The “socialist” label that Sen. John McCain and his GOP presidential running mate Sarah Palin are trying to attach to Sen. Barack Obama actually has long and very ugly historical roots.
J. Edgar Hoover, director of the FBI from 1924 to 1972, used the term liberally to describe African Americans who spent their lives fighting for equality. […Snip…]
McCain and Palin have simply reached back in history to use an old code word for black. It set whites apart from those deemed unAmerican and those who could not be trusted during the communism scare.
Hunh?
I’m sorry, but trying to claim the term “socialist” as a Civil Rights Only issue just looks silly. This argument was quite a stretch when it appeared first in the Prospect, and it’s no more rational when presented as an editorial column in the Kansas City Star.
J. Edgar Hoover (who lives in my mind as being crazy as a bedbug) was rabid about Communism, as was a huge portion of the country. (McCarthyism ring any bells?) But Hoover was an all-inclusive paranoiac whose fixation extended to liberals, union organizers, socialists, communists, white people… and yes, black people during the Civil Rights Era as well.
The color he was concerned with was not black. It was red. As in “The Reds“.
Diuguid does get one thing right, though; Hoover and the FBI spent enormous resources trying to link Martin Luther King Jr. to the Communists. They failed.
Shucks, I didn’t know that Obama was a RUSSKIE!?
See how easy it is to start a new Internet rumor 😉
(Of course, there’s only one minor problem with this – Russia is where the Caucasus region is located, and folks from said region are called Caucasians, which in my parallel universe is synonymous with “white people”.)
~EdT.
Interesting, Poli. I just posted a piece yesterday about the S-word. Wound up having to post another piece today about the N-word. I just thought the use of the word socialist was fear mongering, never considered it to be code for “black.” It just never occurred to me. As I said in yesterday’s post, “Good God. I have to keep up.”
I think the accusation of “socialism” is stupid and inaccurate, as progressive taxation has been the law of the land for almost 100 years, and McCain also supported massive government intervention in the economy in the form of the Wall Street bailout.
Racist statements are also stupid and inaccurate, but not every stupid and inaccurate statement is racist. (even if directed at a black person like Sen.

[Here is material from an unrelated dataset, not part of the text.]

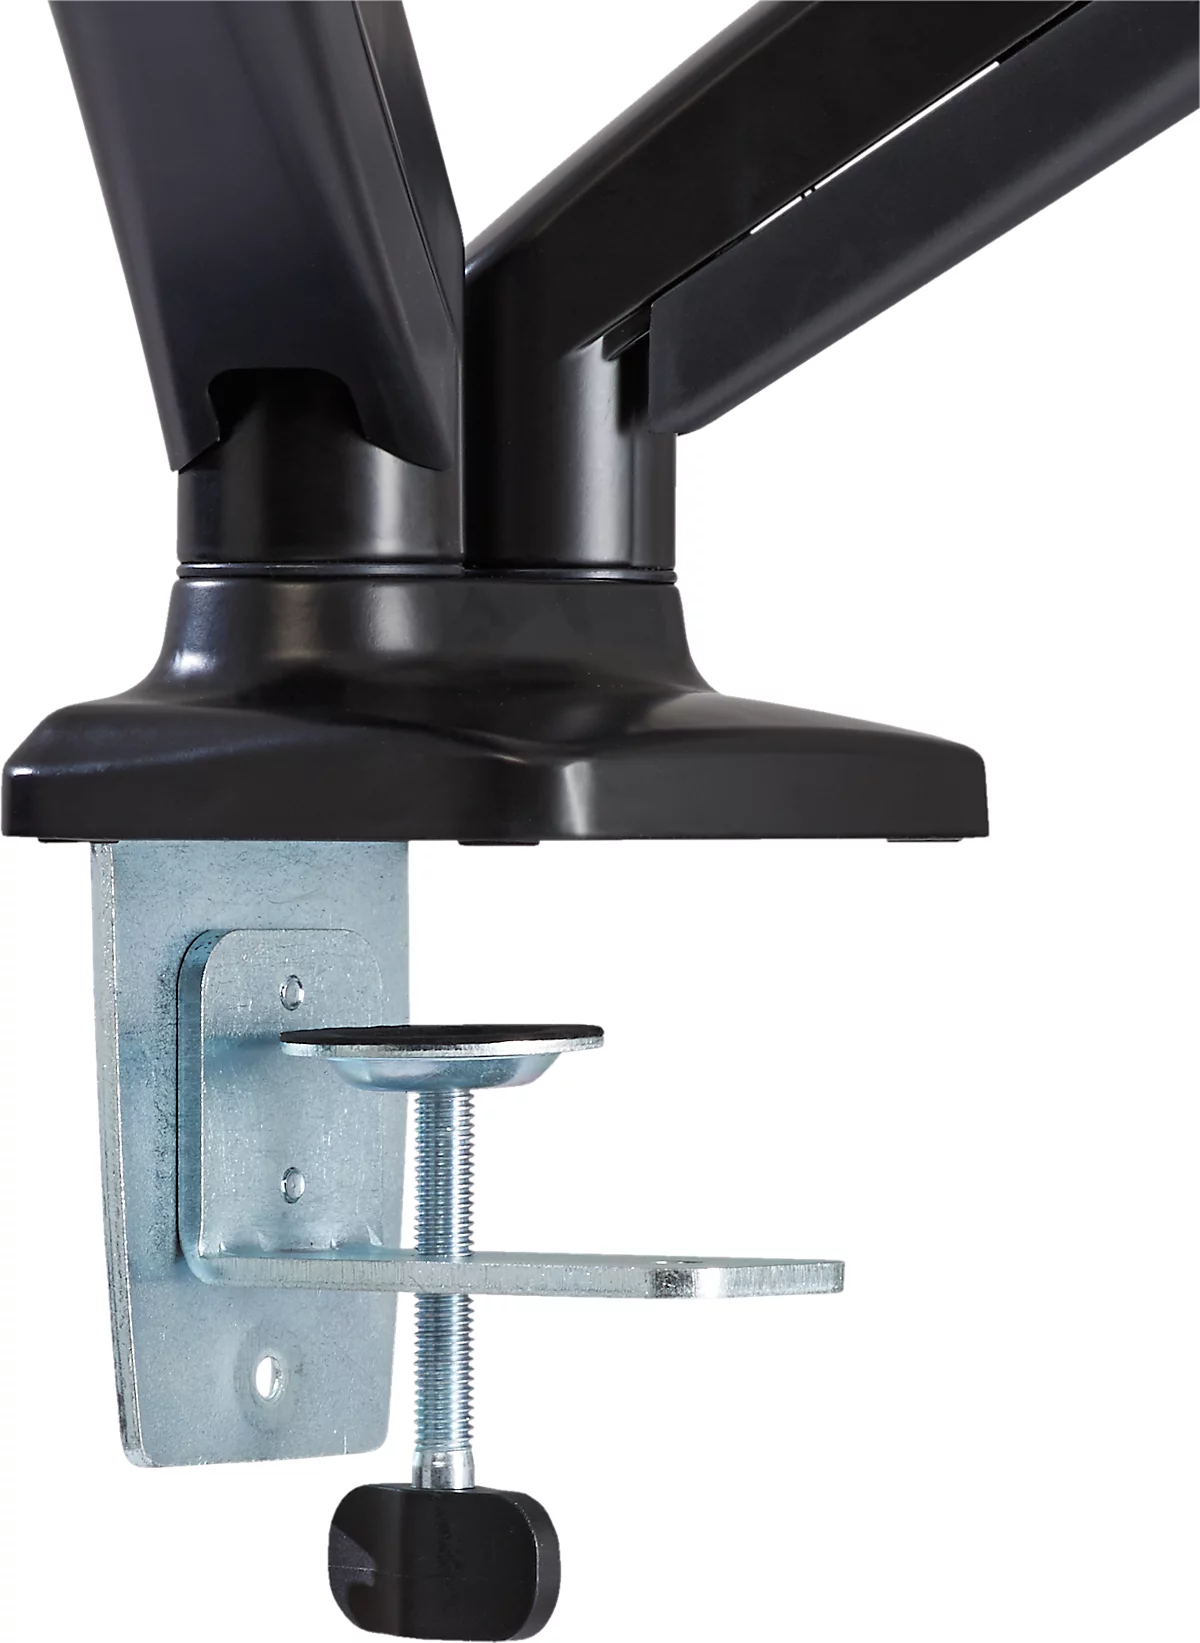 Brazo para monitor Schäfer Shop Select MX8-124, para 2 pantallas de hasta 24″ y hasta 8 kg, inclinación/giro/rotación, altura ajustable, guía de cables, VESA, abrazadera de mesa

Obama.)
It is dangerous to cry wolf about racism, because racism is alive and well in this country, in spite of how far we have come from the days slavery and segregation, and crying wolf blinds us to real instances of it.

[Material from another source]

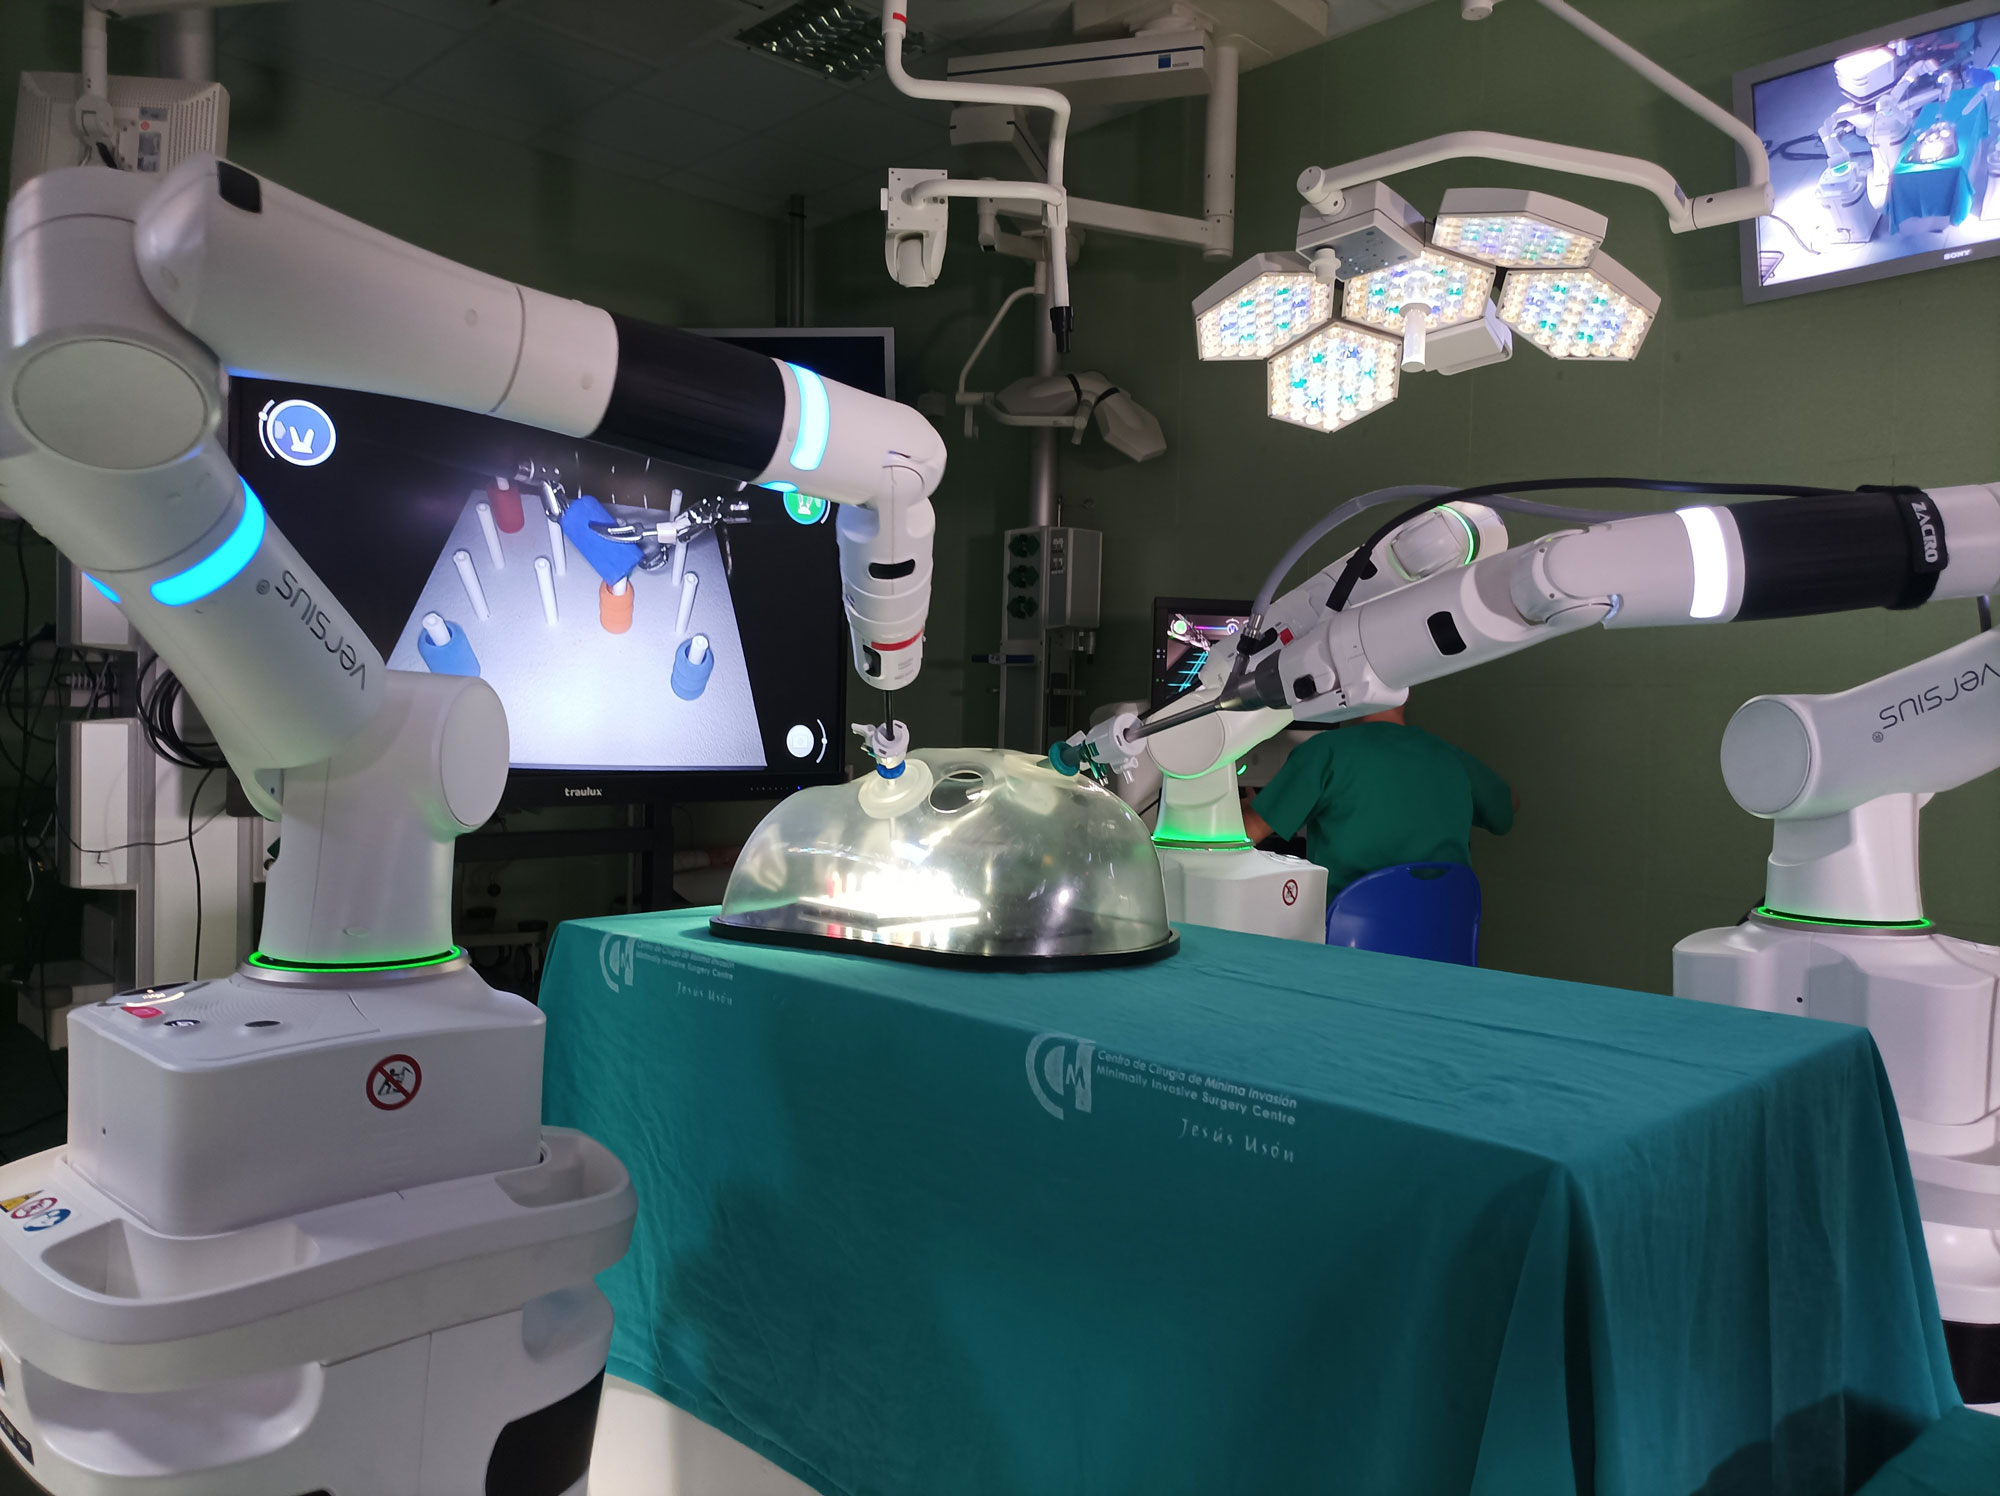 El CCMIJU presentó en unas jornadas de puertas abiertas una solución innovadora para cirugía robótica laparoscópica

Of course “socialism” isn’t a code word for black. It is, however, a code word for “sinister and un-American,” it was used quite liberally against civil rights activists, and it is being used by the McCain camp to suggest that Obama is just, you know, not really one of US. (It was also used for anything that conservatives didn’t like, so fluoridation of water was communist, etc.)
So you’re right, but there’s also a more valid point there than you’re admitting.
If Barack Obama is a “socialist,” so is Adam Smith, the intellectual father of capitalism, who endorsed that radical, socialist idea of progressive taxation.
This whole campaign makes me relieved I don’t actually agree with McCain on much. It would be hard to vote for someone whose campaign has been so intellectually vacuous.
John — a more valid point than I’m admitting? How about different than I was writing about altogether?
Accusing Obama of being a socialist is certainly divisive, and also part of the ongoing attempt to make him “The Other” — a scary radical guy. It’s BS, and it’s wrong. But it’s an entirely different topic, John.
When people randomly toss the race card onto the table, they de-legitimize the term. Crying wolf, if you will. If it’s not called out when it occurs, then it’ll be ignored in the future… when it’s real. Furthermore, putting a valid argument (i.e. they’re “Otherizing” him) together with a false argument (i.e. socialism is a racist term), diminishes the former.